With large pic by Livingstone.

Works of Literata:  On July 18, blogger Literata shared ritual work for then upcoming Republican Convention. She invited readers to participate in the ritual "To keep the peace in Cleveland." I guess it worked!

 HecateDemeter: Blogger Hecate's July 4 post, "Hail, Columbia!" is about the Goddess (aka "Freedom," "Libertas,") atop the U.S. Capitol  (and also located elsewhere).  The post includes a number of links, including those to longer posts she's written on the subject previously. 

Annelinde's World:  Annelinde Metzner's July 22 post  is a poem she wrote in 2012, "Thank You, Hillary."
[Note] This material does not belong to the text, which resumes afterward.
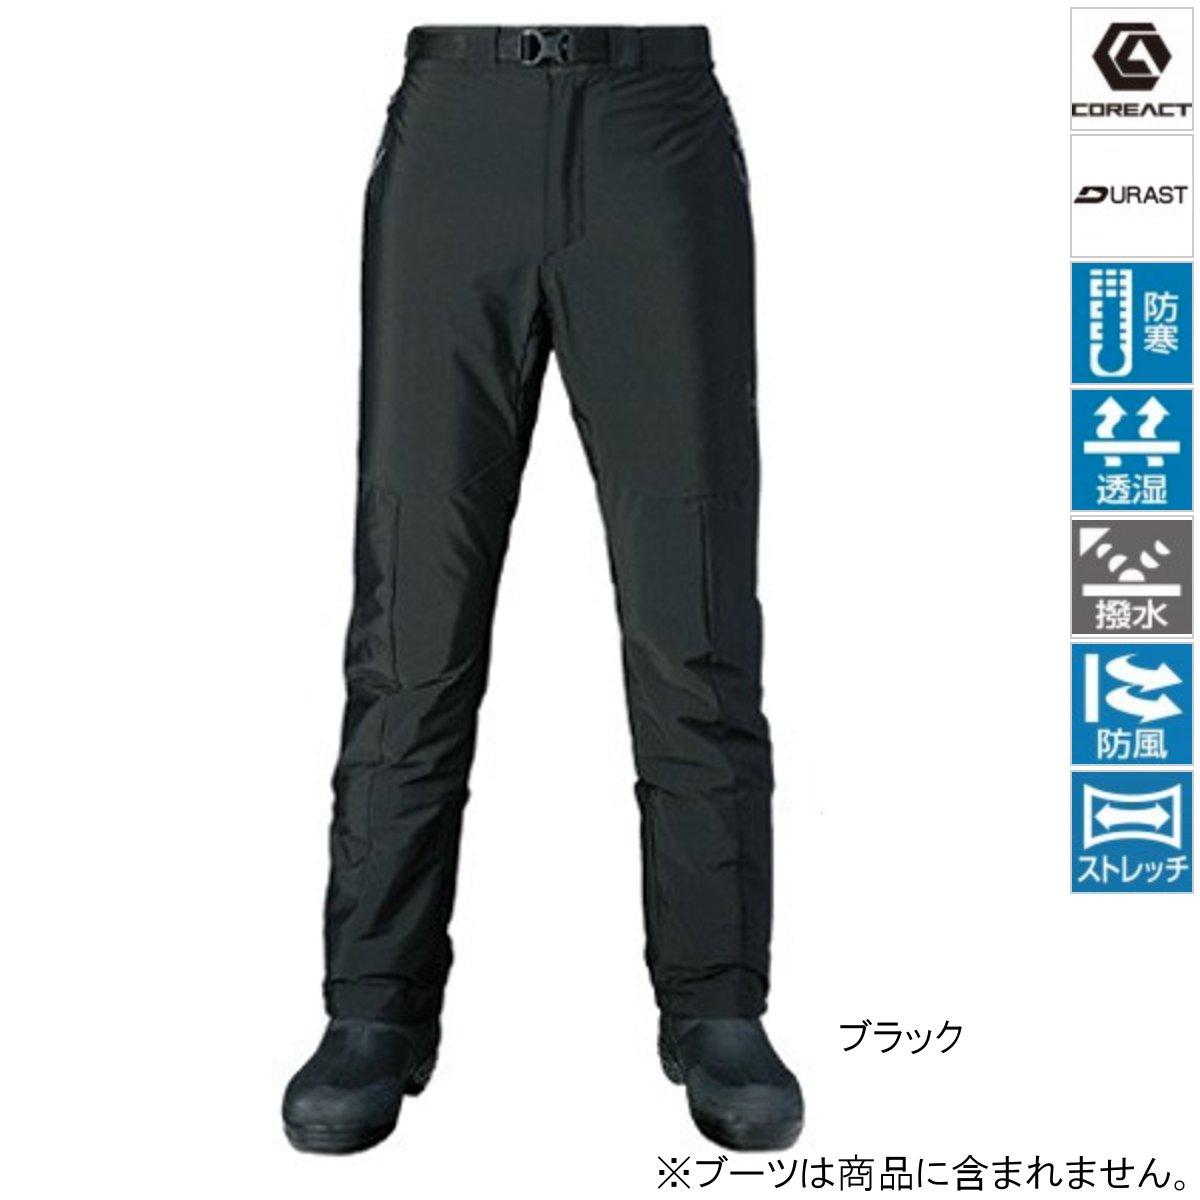 シマノ XEFO ストレッチサーマルパンツ PA-245R L ブラック(東日本店)

 Hearth Moon Rising's blog:  Hearth Moon's July 22 post, " Really Big Deer," is about the Scottish Goddess Cailleach Bheur, as well as Hearth's personal experience with one particular deer.

Large Goddess/Spiritual Feminist Blogs
Because of the large number and variety of bloggers and posts on these blogs, we are now suggesting that you visit them and select the posts that interest you most.

The Wild Hunt: Pagan, news-oriented blog that has grown from single blogger to many bloggers.

Return to Mago: A Goddess-centered blog whose administrator/owner is Helen Hye-Sook Hwang.

Feminism and Religion: Many bloggers from many different religions and paths.

Pagan Square: This blog of many mostly-Pagan paths is sponsored by BBI Media and includes SageWoman blog posts.

The Motherhouse of the Goddess: Blog affiliated with Motherhouse Podcasts and Mystery School.